» **Task to carry out**: Transcribe the listing below from its opening line up to and including the line that contains "Mercedes 170 v"; reproduce nothing else.

++++ Records for this task ++++

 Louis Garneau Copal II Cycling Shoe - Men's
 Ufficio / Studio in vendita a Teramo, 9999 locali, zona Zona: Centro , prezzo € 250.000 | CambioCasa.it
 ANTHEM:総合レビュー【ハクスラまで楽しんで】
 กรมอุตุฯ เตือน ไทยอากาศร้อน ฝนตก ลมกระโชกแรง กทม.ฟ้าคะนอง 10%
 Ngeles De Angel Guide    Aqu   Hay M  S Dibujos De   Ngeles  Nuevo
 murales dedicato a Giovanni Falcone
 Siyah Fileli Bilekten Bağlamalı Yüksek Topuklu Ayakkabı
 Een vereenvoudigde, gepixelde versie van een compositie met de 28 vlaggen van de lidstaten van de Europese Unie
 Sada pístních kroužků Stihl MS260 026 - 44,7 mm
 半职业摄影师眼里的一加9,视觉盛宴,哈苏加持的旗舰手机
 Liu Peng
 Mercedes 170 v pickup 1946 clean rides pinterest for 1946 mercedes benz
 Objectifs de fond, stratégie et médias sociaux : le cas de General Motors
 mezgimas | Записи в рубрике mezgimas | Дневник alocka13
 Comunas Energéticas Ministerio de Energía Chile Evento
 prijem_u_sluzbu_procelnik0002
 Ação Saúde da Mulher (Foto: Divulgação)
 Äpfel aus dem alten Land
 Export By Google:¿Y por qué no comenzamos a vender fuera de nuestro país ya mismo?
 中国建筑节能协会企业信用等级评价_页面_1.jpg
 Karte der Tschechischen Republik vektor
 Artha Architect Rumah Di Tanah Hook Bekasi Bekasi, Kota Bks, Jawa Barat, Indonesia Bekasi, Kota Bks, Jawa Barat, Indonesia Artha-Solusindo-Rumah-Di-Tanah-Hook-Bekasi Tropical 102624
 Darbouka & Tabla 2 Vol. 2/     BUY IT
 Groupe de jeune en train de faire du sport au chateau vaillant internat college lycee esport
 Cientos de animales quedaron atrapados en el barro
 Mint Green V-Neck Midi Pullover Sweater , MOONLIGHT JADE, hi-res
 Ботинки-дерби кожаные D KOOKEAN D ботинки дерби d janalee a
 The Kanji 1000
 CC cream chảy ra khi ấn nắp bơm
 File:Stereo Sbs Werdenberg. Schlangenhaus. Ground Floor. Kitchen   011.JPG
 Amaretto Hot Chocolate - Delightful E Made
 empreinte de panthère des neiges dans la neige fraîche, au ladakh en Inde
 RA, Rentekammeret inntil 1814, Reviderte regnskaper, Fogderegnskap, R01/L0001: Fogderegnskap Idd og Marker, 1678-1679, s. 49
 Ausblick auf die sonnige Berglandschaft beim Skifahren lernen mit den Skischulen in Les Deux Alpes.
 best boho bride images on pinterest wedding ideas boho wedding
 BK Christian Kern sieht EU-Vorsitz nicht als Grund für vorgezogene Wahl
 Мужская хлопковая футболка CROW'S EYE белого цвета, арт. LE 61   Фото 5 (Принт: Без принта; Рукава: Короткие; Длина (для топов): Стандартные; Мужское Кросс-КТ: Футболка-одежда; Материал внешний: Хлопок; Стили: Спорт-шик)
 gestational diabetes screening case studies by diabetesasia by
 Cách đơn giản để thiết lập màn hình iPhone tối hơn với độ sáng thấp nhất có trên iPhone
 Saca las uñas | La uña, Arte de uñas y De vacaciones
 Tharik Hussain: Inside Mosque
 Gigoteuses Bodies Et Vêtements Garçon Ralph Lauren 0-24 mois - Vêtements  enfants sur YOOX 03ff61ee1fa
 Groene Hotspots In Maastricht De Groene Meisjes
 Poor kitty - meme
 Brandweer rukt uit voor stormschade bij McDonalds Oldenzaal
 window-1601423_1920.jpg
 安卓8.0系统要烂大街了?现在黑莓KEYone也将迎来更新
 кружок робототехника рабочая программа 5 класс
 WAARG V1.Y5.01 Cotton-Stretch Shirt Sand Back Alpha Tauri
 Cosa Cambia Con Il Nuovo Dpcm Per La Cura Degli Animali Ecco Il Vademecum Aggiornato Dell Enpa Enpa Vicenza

++++

» **Exercise solution**:
 Louis Garneau Copal II Cycling Shoe - Men's
 Ufficio / Studio in vendita a Teramo, 9999 locali, zona Zona: Centro , prezzo € 250.000 | CambioCasa.it
 ANTHEM:総合レビュー【ハクスラまで楽しんで】
 กรมอุตุฯ เตือน ไทยอากาศร้อน ฝนตก ลมกระโชกแรง กทม.ฟ้าคะนอง 10%
 Ngeles De Angel Guide    Aqu   Hay M  S Dibujos De   Ngeles  Nuevo
 murales dedicato a Giovanni Falcone
 Siyah Fileli Bilekten Bağlamalı Yüksek Topuklu Ayakkabı
 Een vereenvoudigde, gepixelde versie van een compositie met de 28 vlaggen van de lidstaten van de Europese Unie
 Sada pístních kroužků Stihl MS260 026 - 44,7 mm
 半职业摄影师眼里的一加9,视觉盛宴,哈苏加持的旗舰手机
 Liu Peng
 Mercedes 170 v pickup 1946 clean rides pinterest for 1946 mercedes benz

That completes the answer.